Es verdad que el protagonista del diálogo de Platón que sucede a El Mito de la Caverna, dentro de su libro La República, es un pastor del reino de Lydia con nulas posibilidades de alcanzar ninguna cima, cuya suerte cambia inopinadamente el día que una tremenda tempestad culmina con un espantoso terremoto que abre el suelo bajo sus pies. Y es verdad que también el caballo de acero con el vientre reventado y el enorme cadáver con un anillo en el dedo que el tal Gyges encuentra en el fondo de la sima, podrían ser equiparados al amasijo de hierros de los vagones del 11-M y a la oportunidad política que -gracias a la manipulación de los graves errores del PP- supuso lo ocurrido para el proyecto zapateril.

Pero, al margen de que el símil apunta a la fuerza del destino, al modo caprichoso en que los dioses zarandean a los humanos, y no a ninguna variante de la teoría del golpe de Estado -es obvio que el afortunado pastor ni interviene en el desencadenamiento del terremoto ni tiene información de que se vaya a producir-, a mí lo que me importa es lo que sucede después, una vez que Gyges ha tenido la destreza de pescar en el río revuelto de la crisis y emerger de entre las tinieblas con su resplandeciente trofeo. O mejor dicho, un aspecto muy concreto de lo que sucede después.

Hago esta última precisión para que no se me pongan estupendos los que, conociendo la historia, pertenecen a ese cada vez más amplio sector de ciudadanos que tiene una pésima opinión de Zapatero.Sí, ya se que Gyges descubre como quien no quiere la cosa que, frotándolo de determinada manera, el anillo puede volverle invisible, que entonces se introduce en el palacio real, enseguida seduce a la reina, muy pronto asesinan al rey y todo termina en una atroz tiranía. Pero tampoco es ése mi mensaje, pues de igual manera que me pareció una pasada la interpretación de los columnistas conservadores norteamericanos que decían que Mónica Lewinsky era la reina del lujurioso Gyges-Clinton, lo mismo pensaría de quien presentara a Aznar o a su heredero como el rey abatido por el ambicioso Gyges-Zapatero.

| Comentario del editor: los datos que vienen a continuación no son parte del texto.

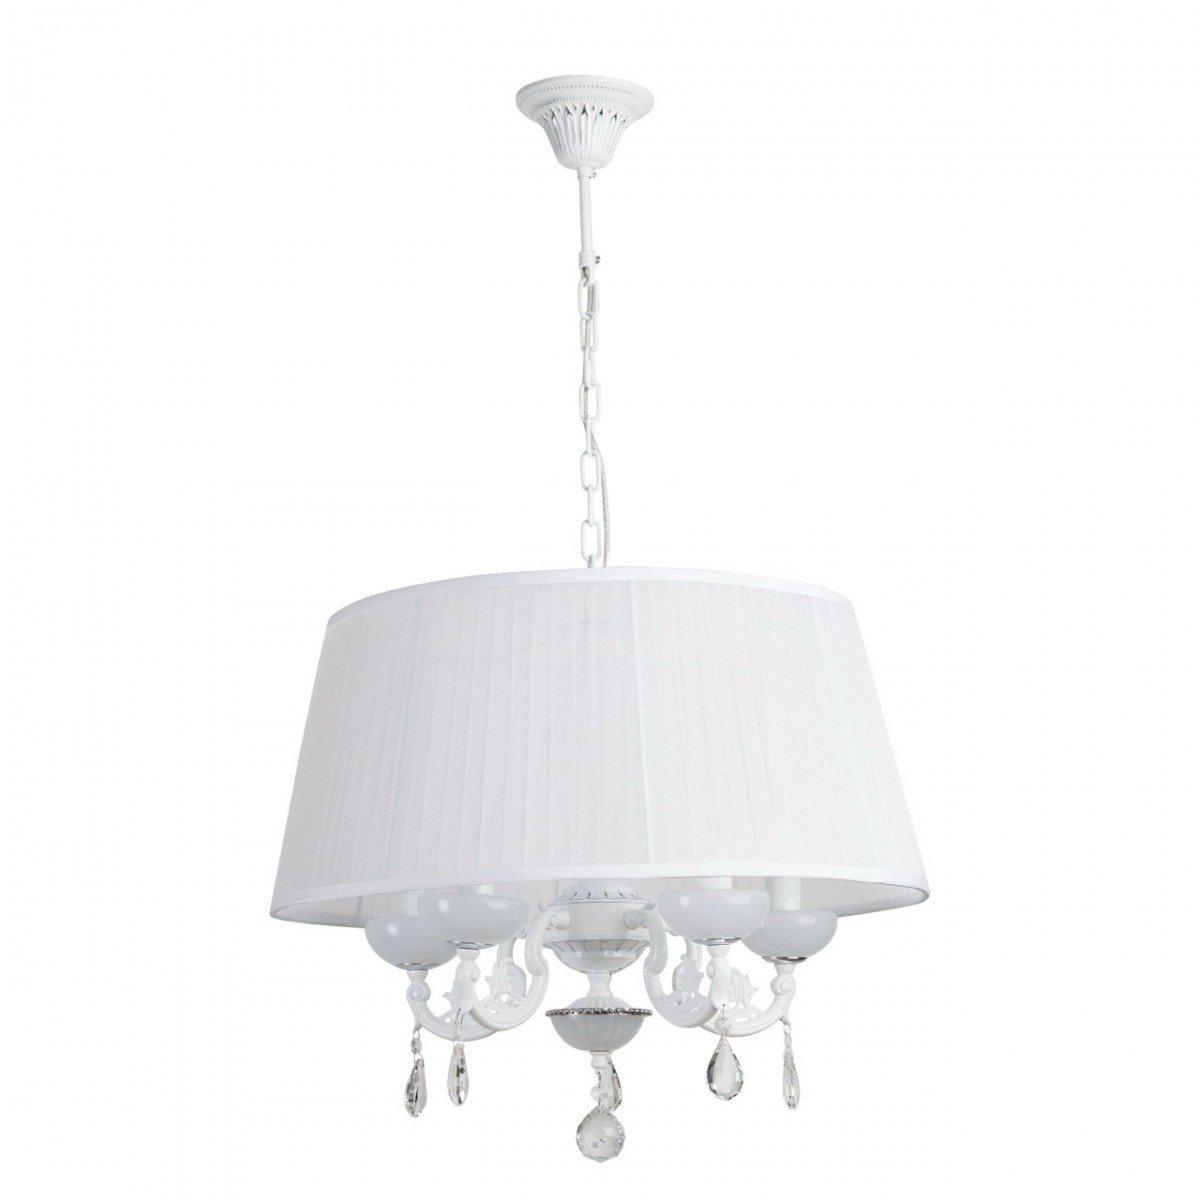 Deckenleuchte Deckenlampe Lampe Leuchte Crystal Style, rund Ø 55 cm, Weiß / Chrom mit Kristallen, 5 x E14 max. 60 W

No, yo sólo quiero centrarme en el anillo. Y ni siquiera en esa potente simbología del poder explorada y explotada por Wagner o por Tolkien. Lo que me interesa es la tecnología del truco del anillo. Cómo funciona eso -por decirlo en términos evangélicos- del ahora me veis, luego no me veréis y luego me volveréis a ver. Y, naturalmente, no porque considere a Zapatero un taumaturgo sino porque lo veo como un aventajado aprendiz de Houdini y todo virtuoso del escapismo merece que se acredite que no se apoya en la magia, sino en la ingeniería aplicada a la mecánica.

Aunque haya dado ya algunas pruebas de su propia disposición a quitarse físicamente de en medio en momentos clave, la técnica habitual de nuestro presidente no es esa. Consiste más bien en utilizar los atributos del anillo del poder para hacer desaparecer de su vista -y por lo tanto de la agenda política del Gobierno- a aquellos individuos, grupos e incluso asuntos cuya existencia contradice la pauta de sus querencias y conveniencias.

Los ejemplos lo dicen todo. Zapatero se siente muy orgulloso del proceso de regularización que ha incorporado a quinientos y pico mil inmigrantes a las listas de cotización a la Seguridad Social, pero parece no ver a los seiscientos y pico mil irregulares que vuelven a engrosar las propias estadísticas oficiales, después de que algunos no pasaran el corte y otros entraran clandestinamente por mor del efecto llamada de los últimos meses. Los primeros son para él la sal de la Tierra de un crecimiento económico basado en la multiculturalidad y la alianza de civilizaciones. Sin embargo carece de política alguna -como no sea otra próxima regularización con otro efecto llamada aparejado- para impedir que los segundos se queden entre nosotros acrecentando un inmenso foco de delincuencia y economía sumergida.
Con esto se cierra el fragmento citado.